However, this also conceals a worrying concern — the concentration of power under algorithmic control. As more industry exchanges move to platforms like Kaito, the platform algorithm itself has gained enormous influence. Like the concern that Google's search algorithm determines which websites can be seen, Kaito's algorithm is actually deciding which voices are amplified. Although InfoFi claims to be fair, the analysis above also mentions that it tends to favor users with existing reputations. This may lead to innovative ideas or counter-opinions that do not gain the approval of mainstream KOLs being difficult to spread; over time, could this form another "information cocoon"?
The possibility of Kaito making algorithmic adjustments for commercial interests should also be noted — for example, the algorithm may favor promoting cooperative project information (according to observations, the system seems to clearly encourage users to discuss projects that have integrated with Kaito). As a crypto community that values decentralization, we should be vigilant against algorithmic monopolies and urge Kaito to maintain transparency and fairness in rule-making. Kaito has already publicly released some FAQs and basic principles, but the specific scoring details remain a black box. In the future, perhaps more DAO-like governance is needed, allowing the community to participate in supervising the evolution of the algorithm, ensuring that the InfoFi model truly fairly incentivizes high-quality information.
As a platform focusing on crypto news, Kaito first needs to continuously acquire data from Twitter (X). Through the official API interface, Kaito automatically captures metadata of each tweet, such as text, release time, likes, and retweets, associates it with author information and interaction user lists, laying the foundation for subsequent algorithmic judgments.
For example, a tweet discussing Bitcoin would have its content, release time, interaction heat, and the influencer status of the poster recorded by Kaito; if an industry big V participates in the interaction, the algorithm would determine that the information has higher value. The premise of achieving this is efficient scheduling and utilization of the Twitter API.

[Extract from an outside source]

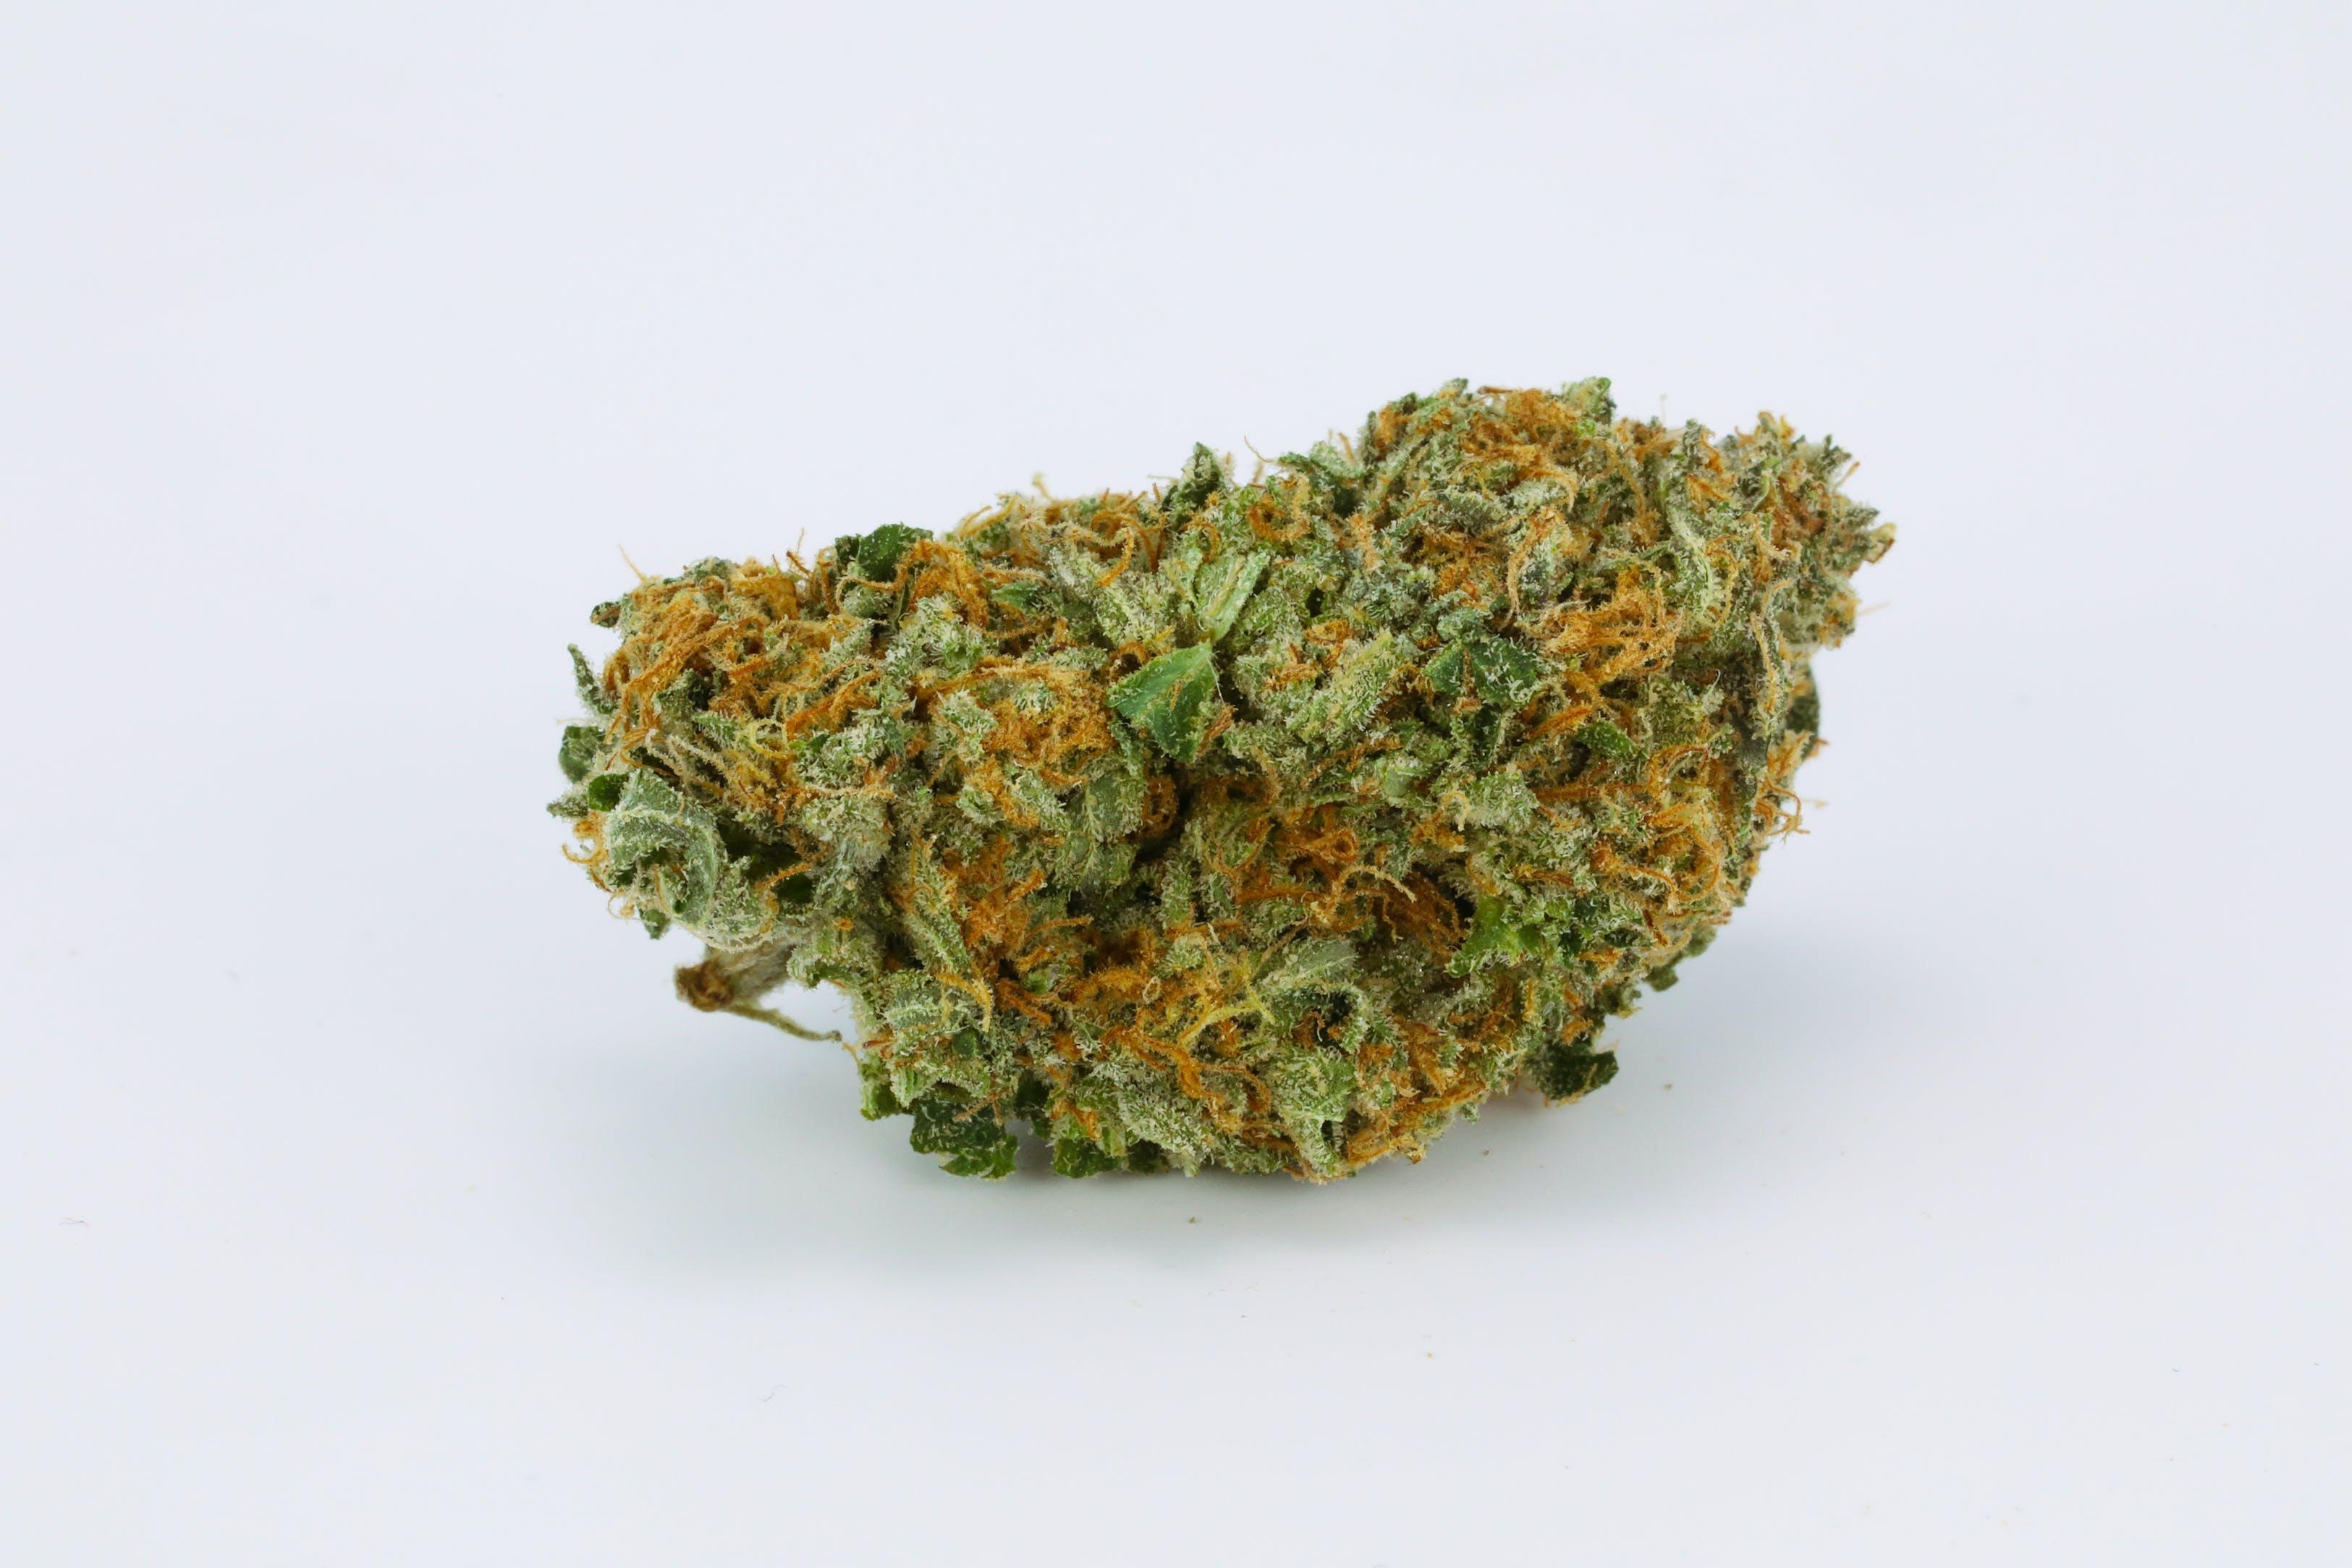 Burkle Weed; Burkle Cannabis Strain; Burkle Indica Marijuana Strain

Since Elon Musk took over, Twitter has significantly increased API usage fees: the starting price for enterprise-level interfaces is as high as $42,000 per month (only capable of querying about 50 million tweets). To track the dynamics of the entire crypto circle, the required query volume far exceeds this level, posing a huge cost pressure for startups. Although Kaito's official has not detailed specific responses, it can be imagined that the team must carefully manage each API call. It is likely that they have adopted the following strategies to control data acquisition costs:
· Focus on key areas: Prioritize capturing data from core accounts and topics in specific crypto fields, rather than indiscriminately crawling the entire platform, to save on query quotas.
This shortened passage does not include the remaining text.